Re: [GIT PULL] First set of block changes for 4.14-rc1

Ming Lei <ming.lei@xxxxxxxxxx> · Fri, 8 Sep 2017 10:25:26 +0800

On Thu, Sep 07, 2017 at 01:47:44PM -0600, Jens Axboe wrote:
> On 09/07/2017 01:38 PM, Linus Torvalds wrote:
> > On Thu, Sep 7, 2017 at 12:27 PM, Jens Axboe <axboe@xxxxxxxxx> wrote:
> >>
> >> Which was committed yesterday? It was not from my tree. I try to keep
> >> an eye out for potential conflicts or issues.
> > 
> > It was from Andrew, so I'm assuming it was in linux-next. Not as a git
> > tree, but as the usual akpm branch.
> > 
> > I'm not sure why I didn't see any reports from linux-next about it,
> > though - and I looked.
> > 
> > There was no actual visible merge problem, because the conflict was
> > not a data conflict but a semantic one.
> > 
> > But the issue showed up for a trivial allmodconfig build, so it
> > *should* have been caught automatically.
> > 
> > But it's not even the conflict that annoys me.
> > 
> > It's the *reason* for the conflict - the block layer churn that you
> > said was done. We've had too much of it.
> > 
> >>> We need *stability* by now, after these crazy changes. Make sure
> >>> that happens.
> 
> I might have missed a build notice from linux-next, since I know for a
> fact that all my stuff is in -next, updated daily, and Andrew's tree
> definitely is too.
> 
> >> I am pushing back, but I can't embargo any sort of API change. This one has
> >> good reasoning behind it, which is actually nicely explained in the commit
> >> itself. It's not pointless churn, which I would define as change just for
> >> the sake of change itself. Or pointless cleanups.
> > 
> > You can definitely put your foot down on any more random changes to
> > the bio infrastructure. Including for good reasons.
> 
> And I am, but this one wasn't random. As I said, some of the previous
> releases have had more frivolous changes that should have been pushed
> back harder on. And particularly nvme, where fixes that go in after the
> merge window have been doing pointless cleanups while fixing issues,
> causing unnecessary pain for the next release. I am definitely pushing
> back hard on those, just last week after more of that showed up.
> 
> You'll see exactly one of those when I send in the next merge request,
> which sucks, and which was the reason the yelling in that area recently.
> 
> > We have had some serious issues in the block layer - and I'm not
> > talking about the merge conflicts. I'm talking about just the
> > collateral damage, with things like SCSI having to revert using blk-mq
> > by default etc.
> 
> I'm a bit puzzled as to why the suspend/resume thing has existed for so
> long, honestly. But some of these issues don't show themselves until you
> flip the switch. A lot of the production setups have been using scsi-mq
> for YEARS without issues, but obviously they don't hit this. Given how
> big of a switch this is, it's hard to avoid minor fallout. We're dealing
> with it.

Hi Jens,

If you mean the I/O hang during suspend/resume reported by Oleksandr,
that shouldn't be blk-mq only. The root cause is in SCSI's quiesce
design(even in blk-mq's quiesce, but no such issue because no new
request is allocated in the context which queue is quiesced.)

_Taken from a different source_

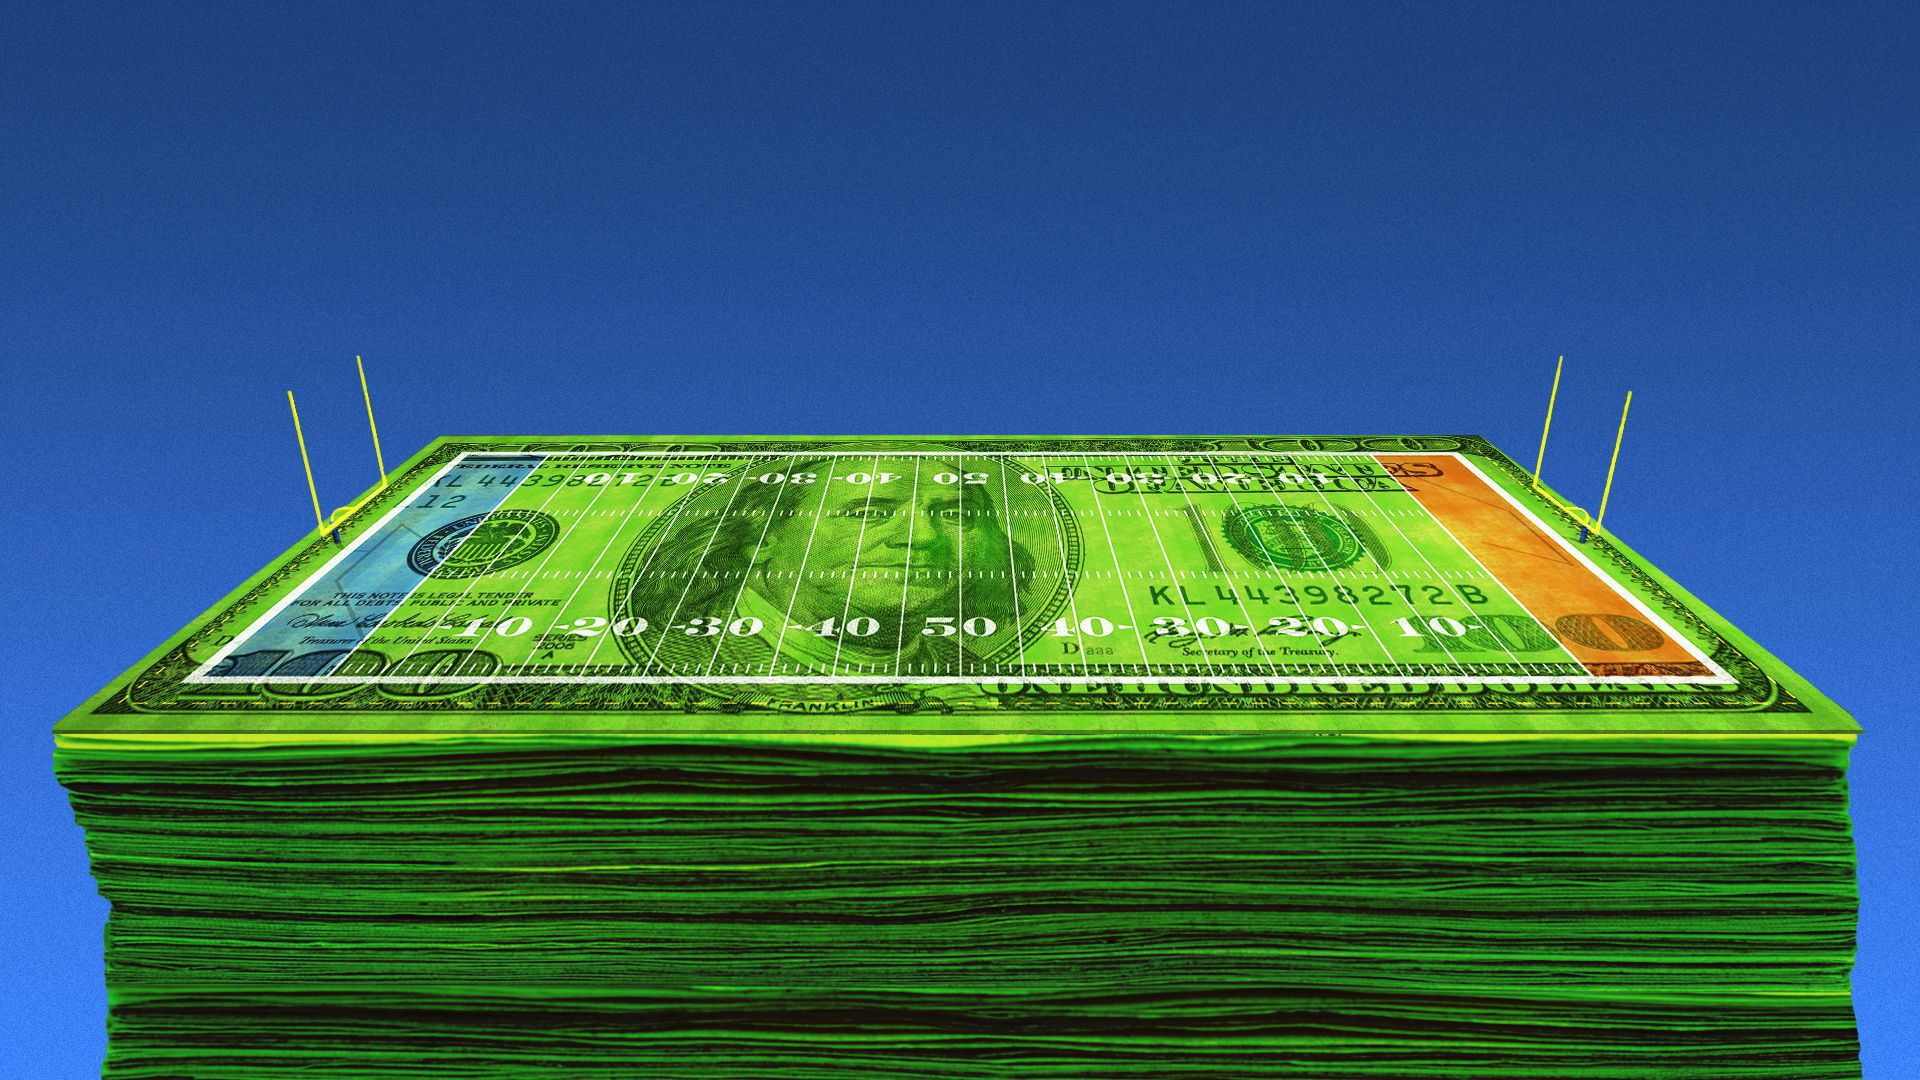 Illustration of a stack of hundred dollar bills underneath a football field.

The issue is a bit long-term, since Cathy can reproduce this kind of
I/O hang on 2.6.32 based kernel.

I am working on fixing that[1], but looks the preempt quiesce still
need to be nested, so will post out V4 with supporting nested preempt
quiesce.

The real SCSI_MQ regression is the report of 'SCSI-MQ performance
regression'[2], and the commit of 'scsi: default to scsi-mq' was
reverted after this report. Patch for this regression has been
posted for several round, and the V4 [3] should be ready for merge, looks
it is ignored because of the merge timing?

[1] https://marc.info/?l=linux-scsi&m=150435774503165&w=2
[2] https://marc.info/?l=linux-kernel&m=150271934904399&w=2
[3] https://marc.info/?t=150436555700002&r=1&w=2

-- 
Ming